Each edit produces a HashNode containing an Op and extra dependencies:
pub enum Op {
InsertRoot(char),
InsertAfter(Id, char),
InsertBefore(Id, char),
Remove(BTreeSet<Id>),
}
pub struct HashNode {
extra_dependencies: BTreeSet<Id>,
op: Op,
}
impl HashNode {
fn id(&self) -> Id;
}InsertRootis used when the HashSeq is empty.InsertAfter(id, char)is used to constrain this HashNode to appear after the node with idid.InsertBefore(id, char)is used to constrain this HashNode to appear before the node with idid.Remove(ids)is used to remove a set of nodes.
Node IDs are content-addressed hashes (blake3 by default) of the operation and its dependencies.
InsertRoot('h') -- id = 0x0
InsertAfter(0x0, 'e') -- id = 0x1
InsertAfter(0x1, 'l') -- id = 0x2
InsertAfter(0x2, 'l') -- id = 0x3
InsertAfter(0x3, 'o') -- id = 0x4
'h'
\
'e'
\
'l'
\
'l'
\
'o'
-- "hello"
Since IDs are content-addressed, we can store the sequence succinctly as:
InsertRoot('h')
Run(0x0, "ello")
Since text is highly compressible, we could further compress the string inside a run to achieve further storage compression.
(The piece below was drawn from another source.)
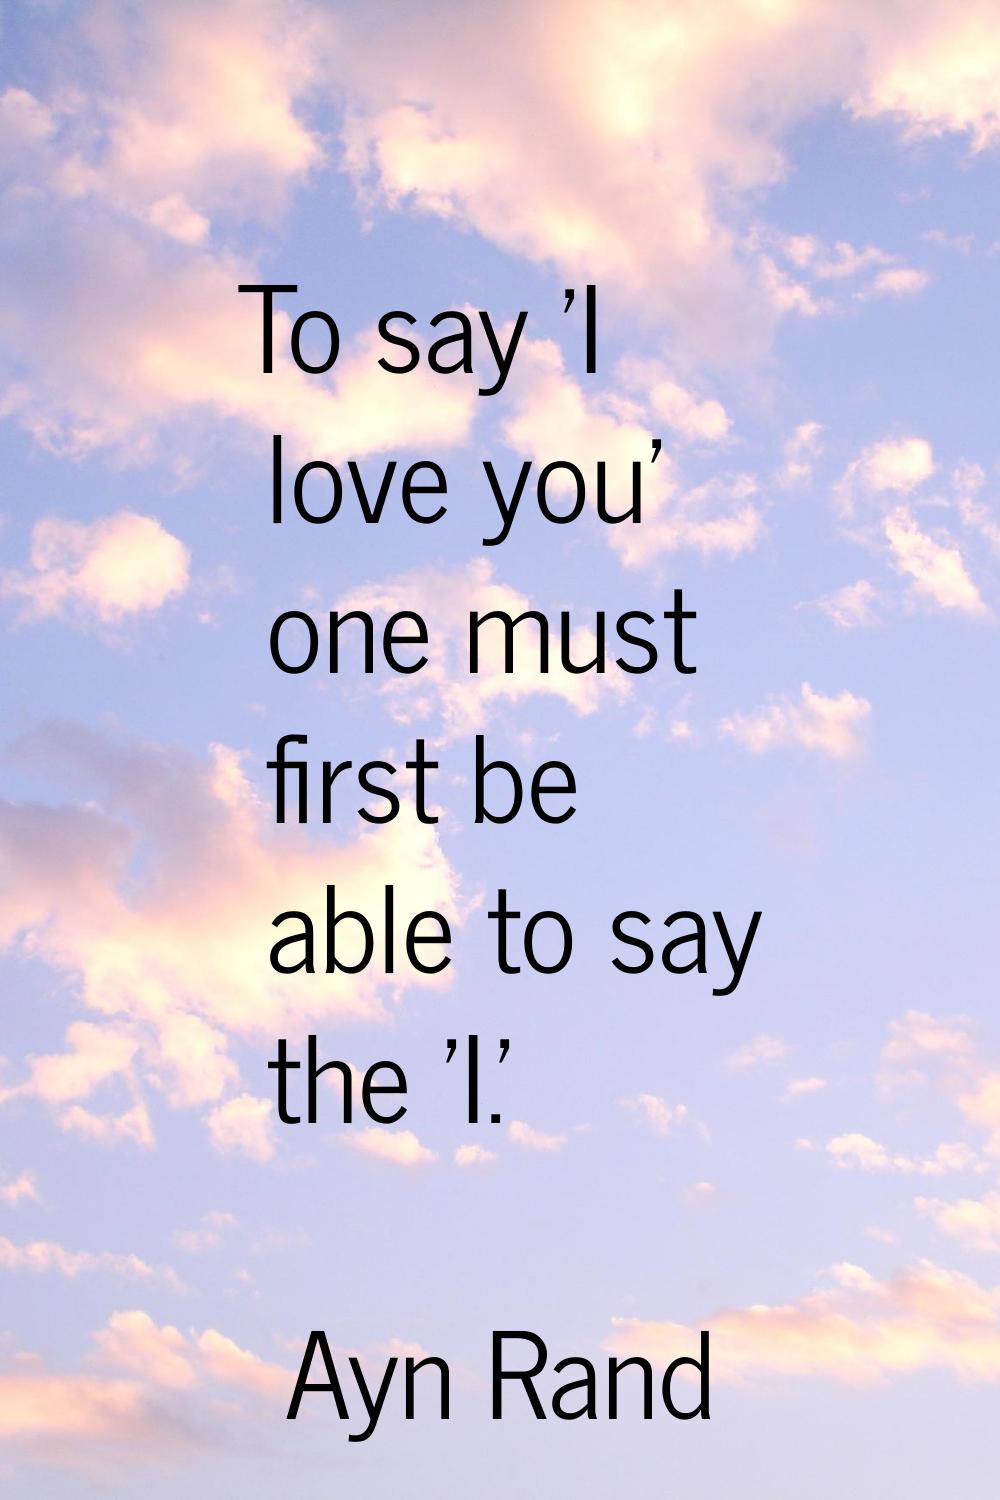 To say 'I love you' one must first be able to say the 'I.'

Then we can always decompress the run and reconstruct the operations and IDs of each character when needed to resolve order of concurrent edits.
Two users concurrently insert "hi sam" and "hi dan". The two underlying hashseq structures look like:
1. 'h' 2. 'h'
\ \
'i' 'i'
\ \
' ' ' '
\ \
's' 'd'
\ \
'a' 'a'
\ \
'm' 'n'
Upon syncing, the common prefix "hi " is dedupped and the causal tree becomes:
'h'
\
'i'
\
' '
\---\
's' 'd'
\ \
'a' 'a'
\ \
'm' 'n'
The HashSeq underlying structure is a causal insertion tree (each node has exactly one anchor). Forks occur when multiple nodes share the same anchor and the visualization above shows two right children of the ' ' node. A naive traversal could produce interleavings like hi sdaamn or hi sdanam. We need a canonical ordering that preserves semantic information - keeping concurrent runs intact.
The choice made in HashSeq is to order child nodes by their hash. In a fork, we choose the branch whose starting element has the smaller hash, then to avoid interleaving of concurrent runs, our topological sort runs depth first. So in the above example, assuming hash(s) < hash(d), we'd get: hi samdan.
Consider a user who has typed "hllo" (missing an 'e'):
'h'
\
'l'
\
'l'
\
'o'
This is stored as a single run: Run(root_h, "llo").
Now the user wants to insert 'e' between 'h' and 'l' to get "hello". Using only InsertAfter(id_h, 'e') would make 'e' a sibling of the first 'l':
'h'
\---\
'l' 'e'
\
'l'
\
'o'
The result could be "hello" or "hlloe" depending on hash ordering (depth-first traversal follows one branch completely before the other) - not what we want.
Instead, HashSeq uses InsertBefore(id_l, 'e') which creates an explicit constraint:
'h'
\
'l'
/ \
'e' 'l'
\
'o'
The left child / indicates 'e' is inserted before 'l'. This guarantees "hello" regardless of hash values since left children (insert-befores) are always traversed before right children (insert-afters).